Do you want to live forever?

February 8, 2011


Do you want to live forever? I do. I’d like to see how the world changes, what technology does to help us, what discoveries are made and what diseases are cured.

I imagine living to see slaves freed or surviving the holocaust is an extraordinary experience most of us can’t even imagine. I realized this after talking to the girls after their school trip to the Holocaust Museum last week. They didn’t understand the magnitude of what the holocaust survivor was trying to tell them. They told me many of her classmates fell asleep while he talked. Imagine if they had witnessed it or read it in the news papers while it was happening. Their perspective would be different. They would be more invested. They would better understand the importance of freedom and equality. They might be better equipped to challenge hate and encourage acceptance. Had they seen these events, they could better know the difference between exercising free speech and fear mongering. The girls don’t have a perfect life, but it’s a lot better than it would have been back then. They don’t understand that.

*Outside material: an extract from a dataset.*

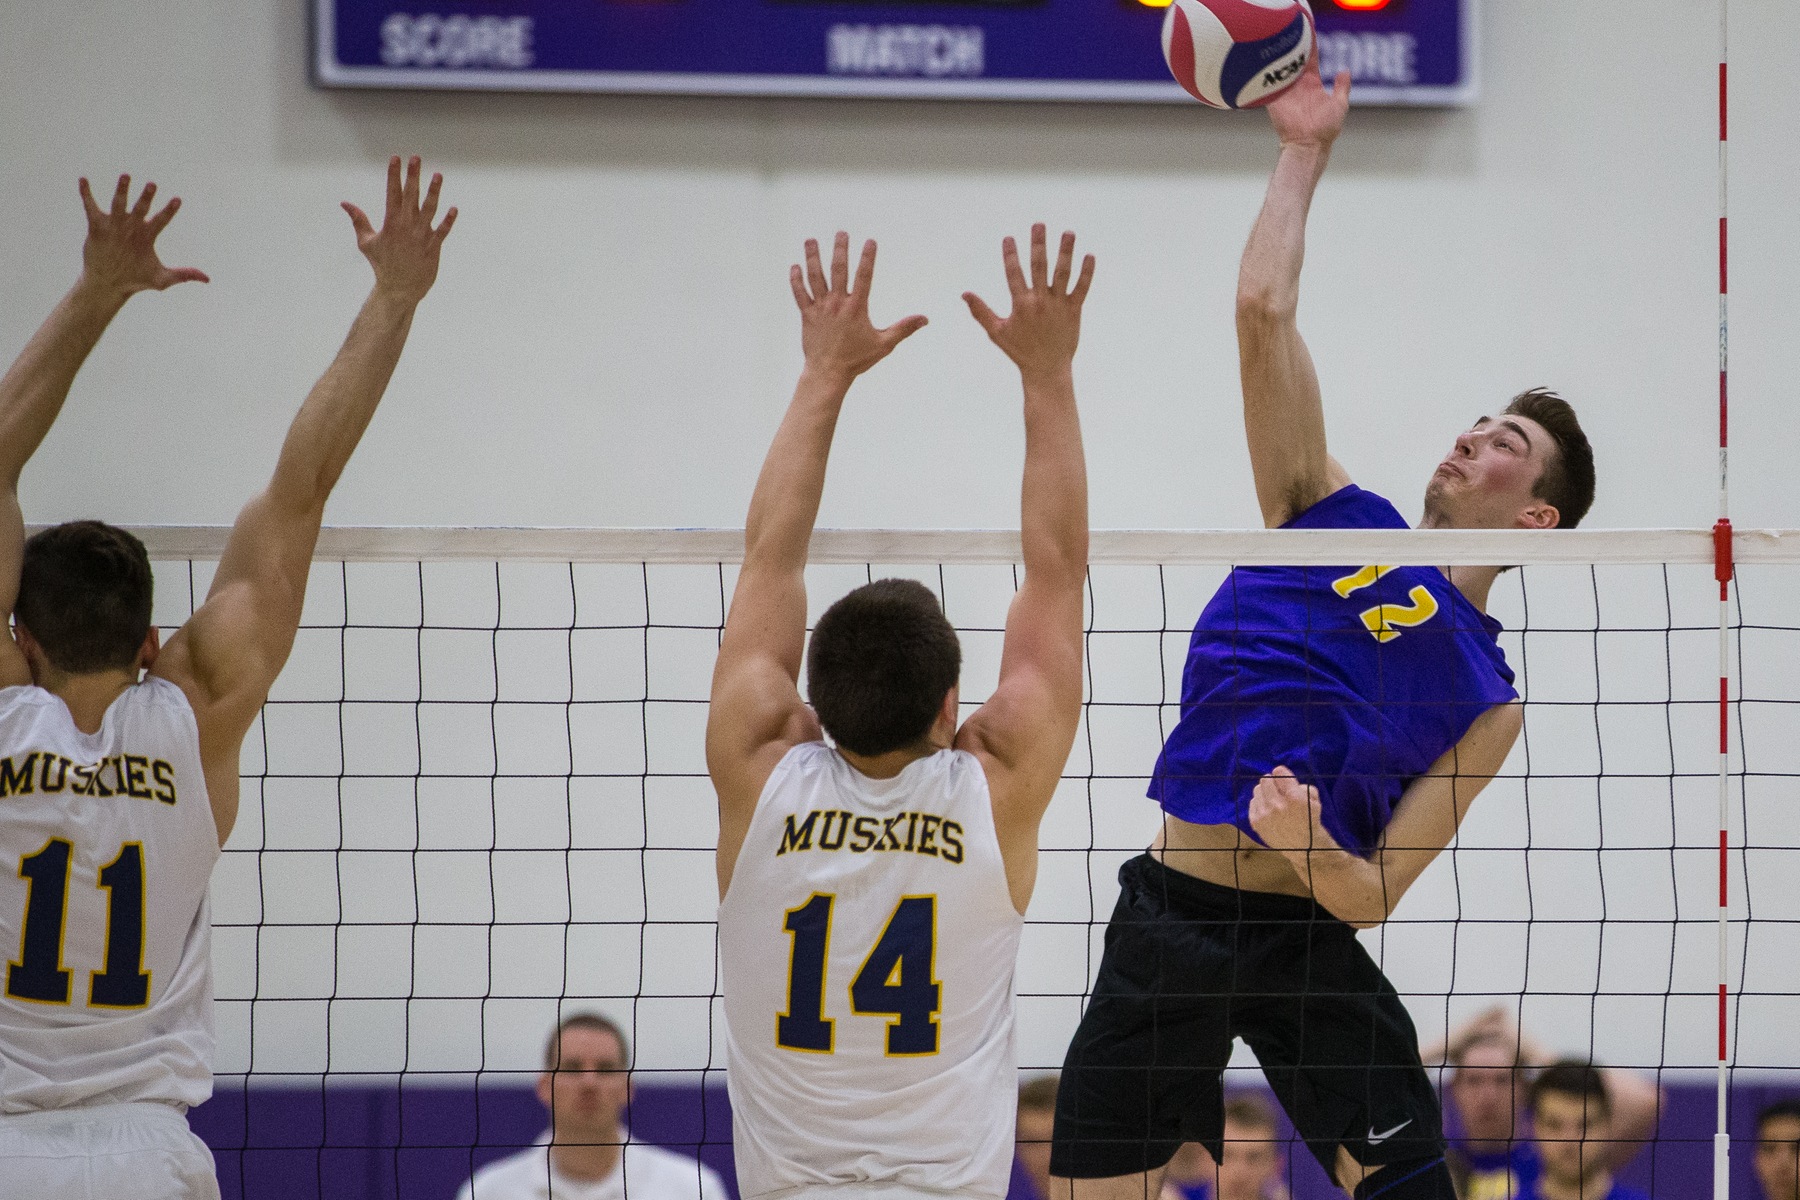 Cal Lutheran Edges Wentworth to Stay Perfect on Road Trip

The idea of living forever reminds me of the book, Looking Backward, written by Edward Bellamy in 1888. In the book, he predicts what the year 2000 would look like. It was eerily accurate. He talked about credit cards and ipods in a time when the thought of a music machine or music seemed too far fetched. And, a credit card to pay for what you needed seemed impractical. He described a totally harmonious way of living in a socialist society. Back then, I’m sure it was seen as a utopian dream that was highly unlikely but nice to consider. Still, is was a best seller and is still a great read today.

I’d like to live forever to see what changes we make as a society. Right now, sickle cell disease does not get the funding for research that other blood cancers get. Many of us who are affected by it, believe we don’t get funding because sickle cell is considered an African-American disease. If that is the case, isn’t the African-American worth saving too? Wouldn’t this disease deserve eradication even if it killed even one person? Why has it been labeled to begin with? Aren’t we all equal?

Living forever would give me an opportunity to witness the next level of consciousness.